**Data below**:
=-=-=

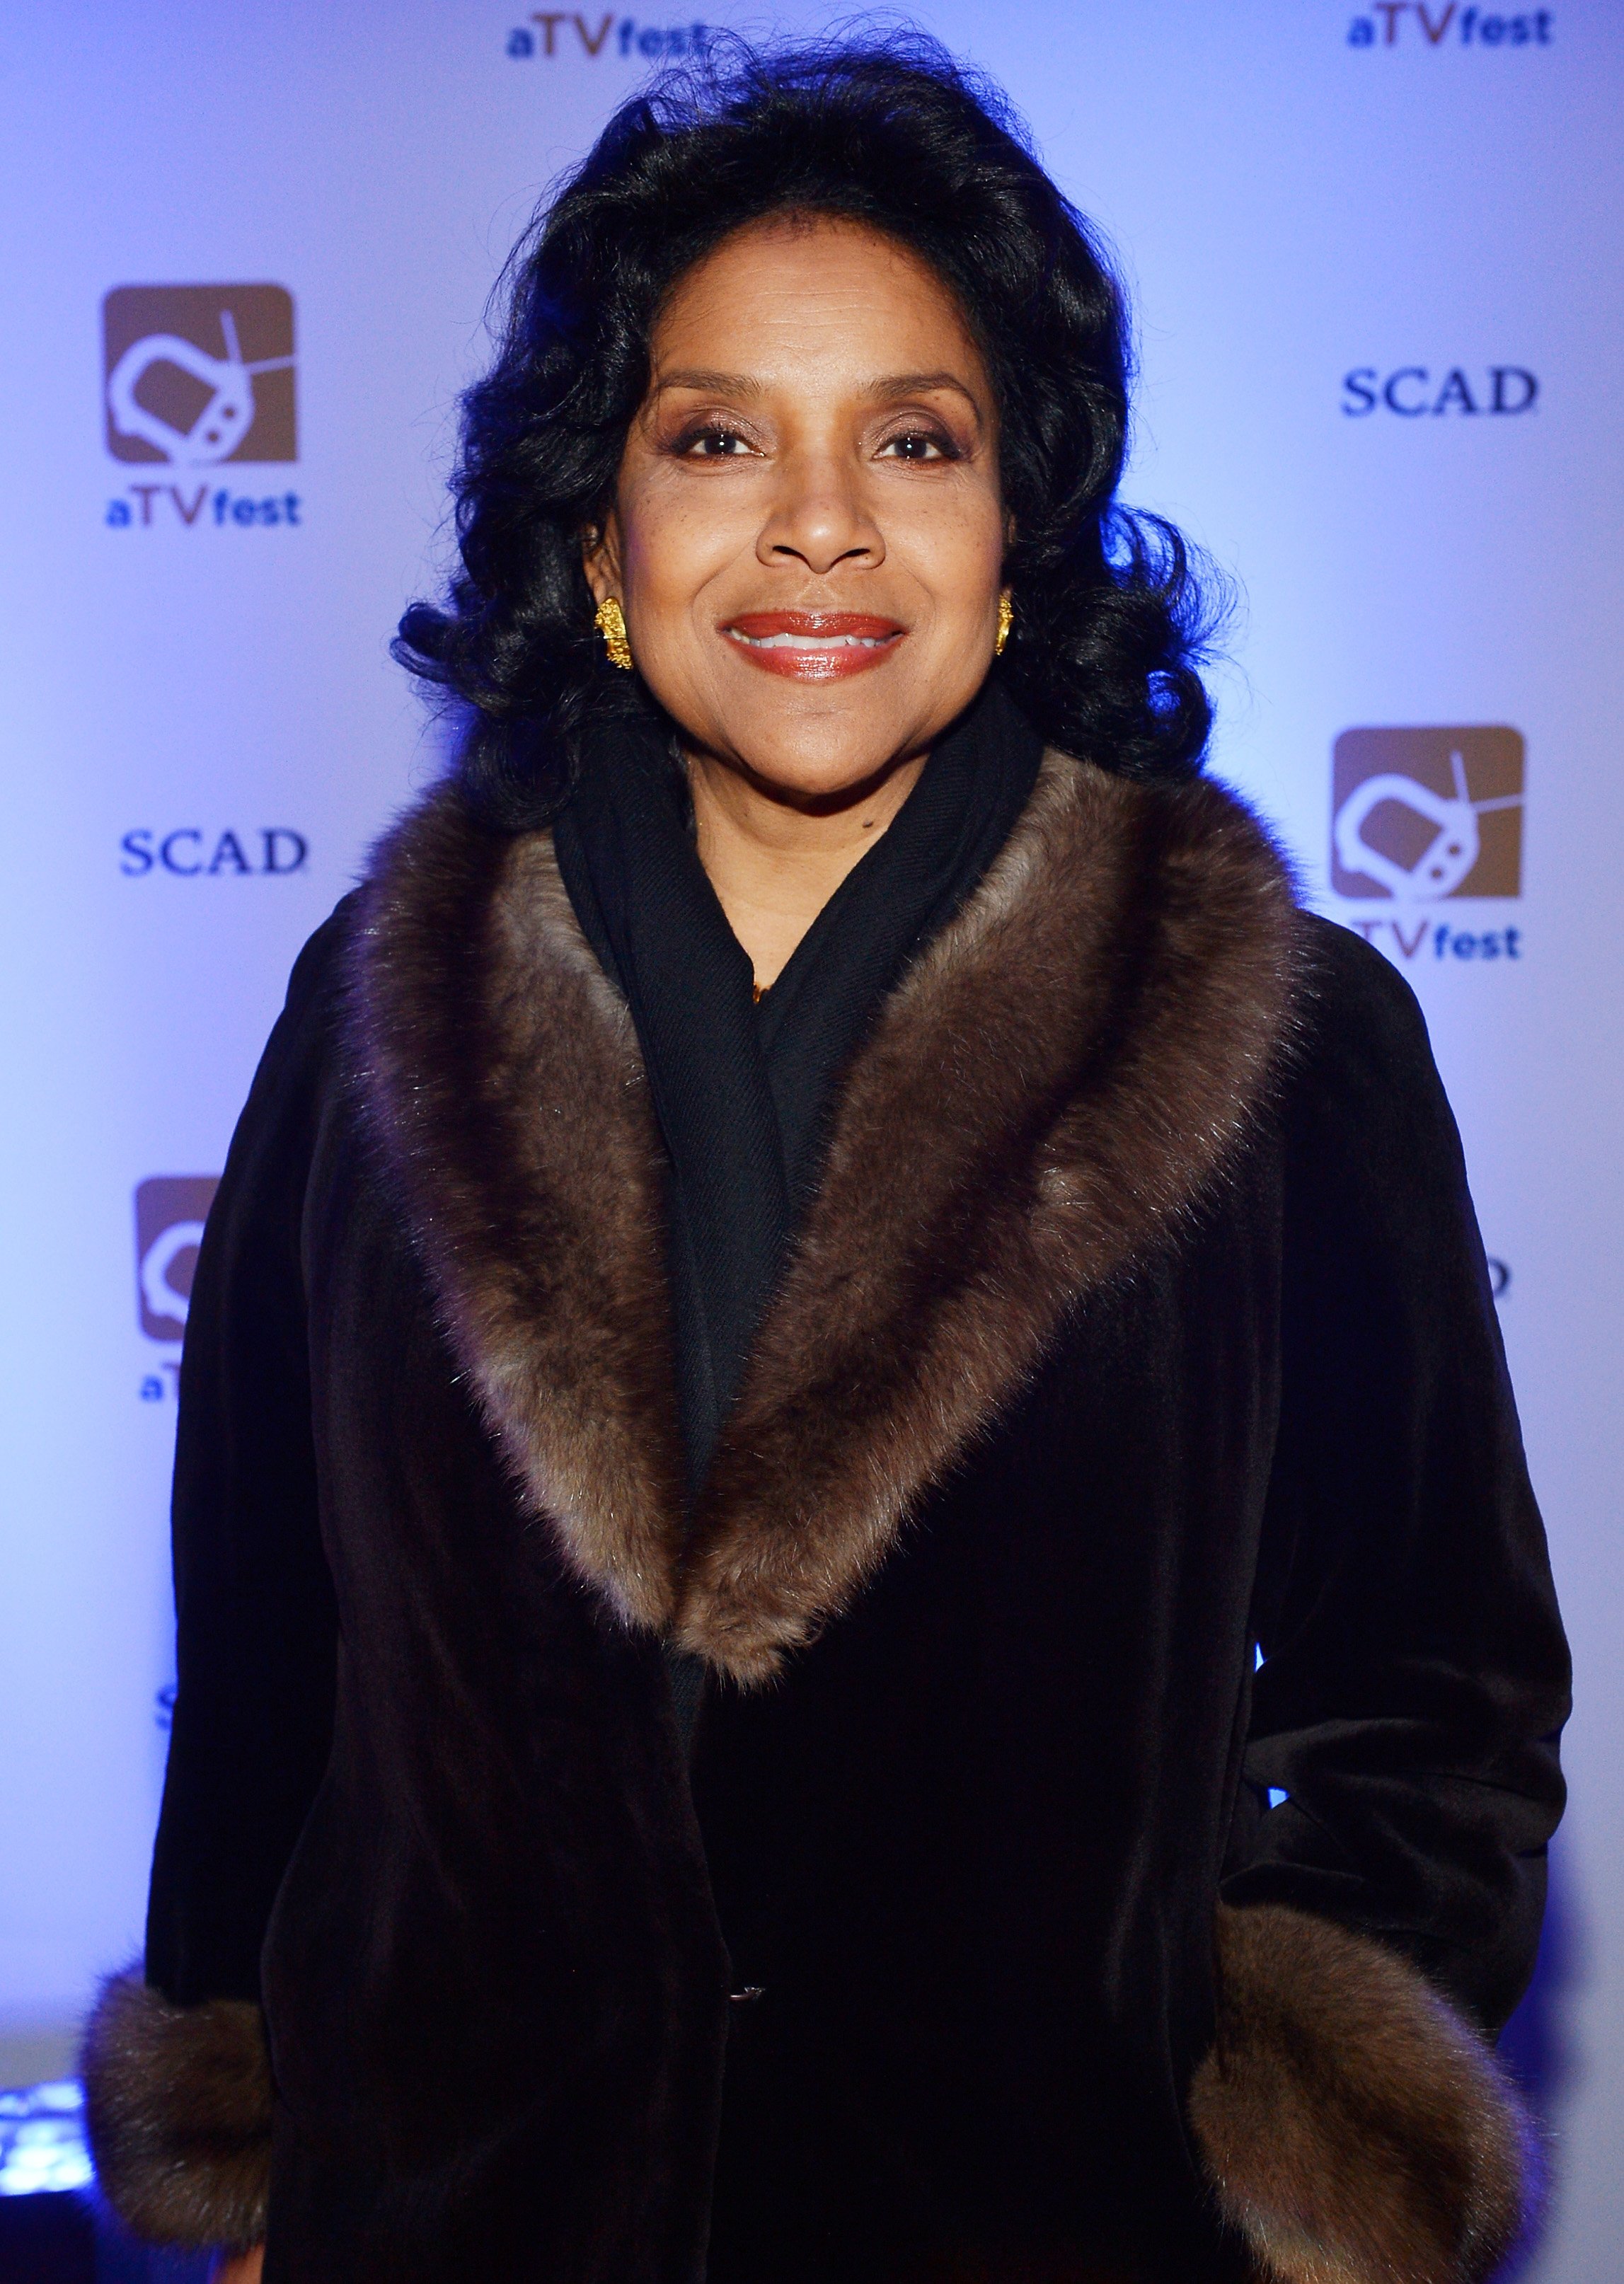 Actor Phylicia Rashad during the Inaugural aTVfest presented by (SCAD) Savannah College on February 16, 2013 | Photo: Getty Images
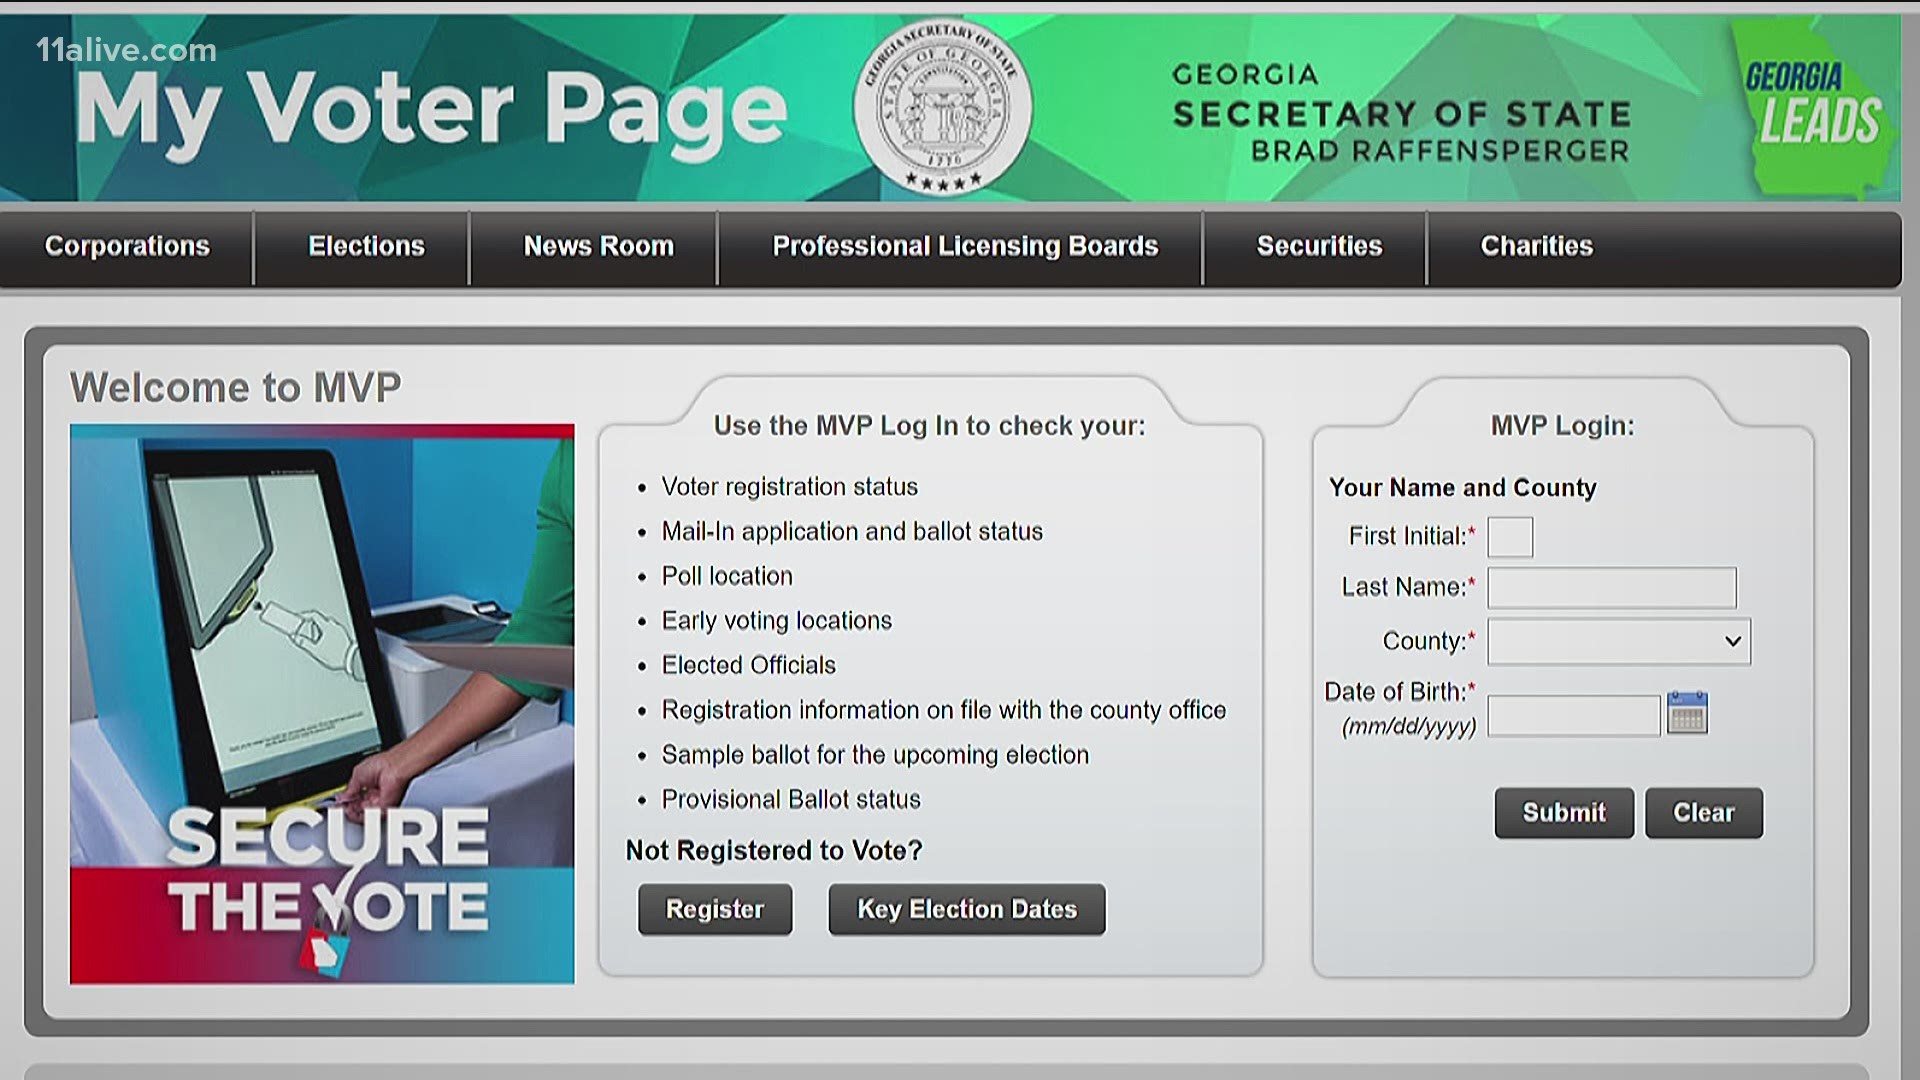 Here is how to check your voting status online
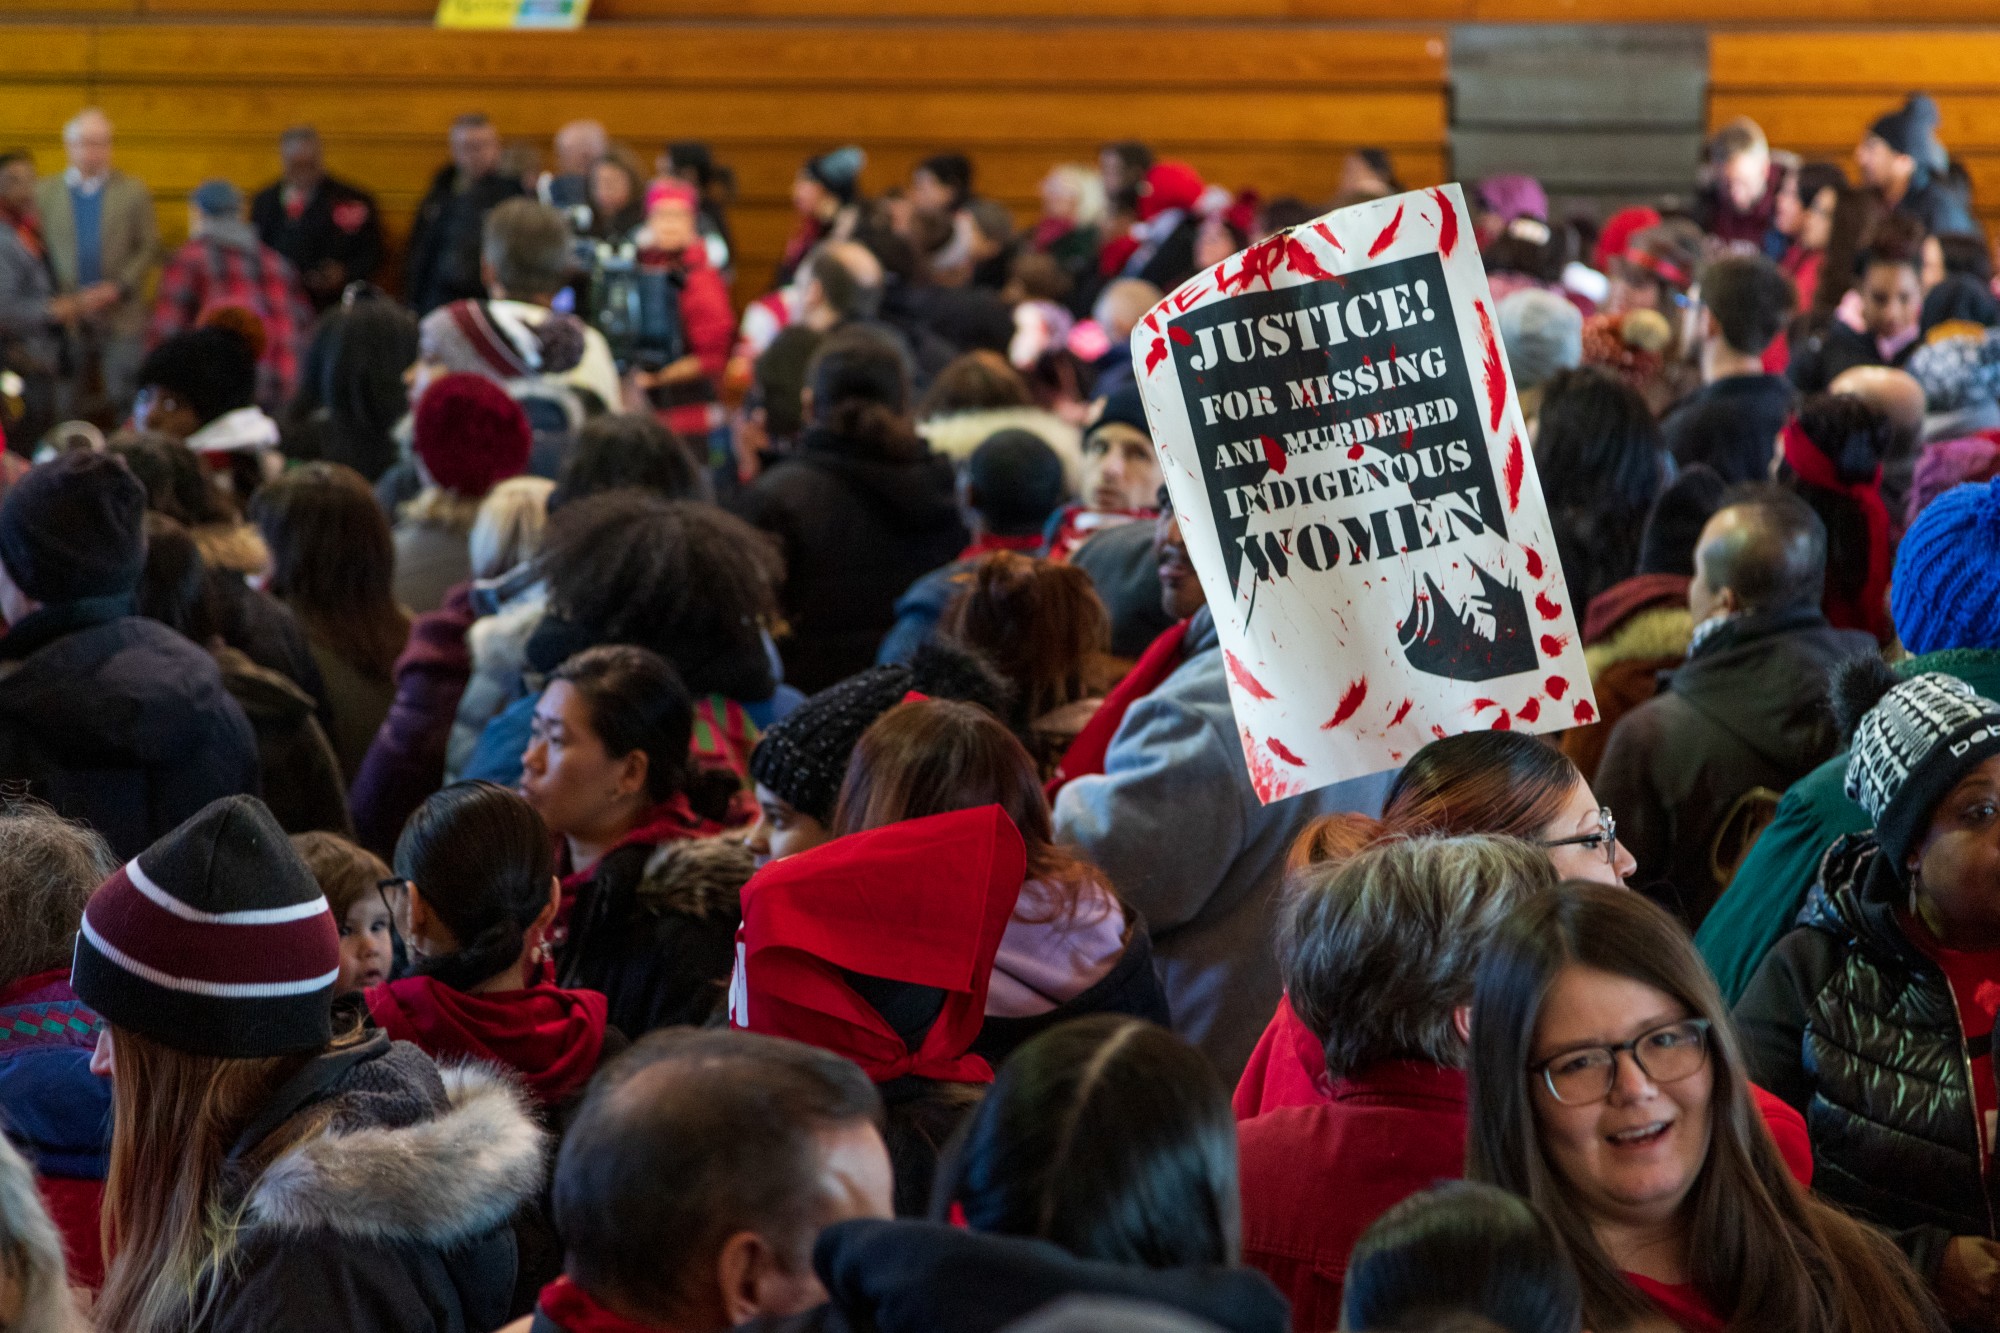 A crowd gathers to march to raise awareness for missing and murdered Indigenous women at the Minneapolis American Indian Center on Friday, Feb. 14.

=-=-=

**Task instructions**: Where a picture appears in the data, omit it; restate the rest word for word.

**Answer area**:
 Actor Phylicia Rashad during the Inaugural aTVfest presented by (SCAD) Savannah College on February 16, 2013 | Photo: Getty Images
 Here is how to check your voting status online
 A crowd gathers to march to raise awareness for missing and murdered Indigenous women at the Minneapolis American Indian Center on Friday, Feb. 14.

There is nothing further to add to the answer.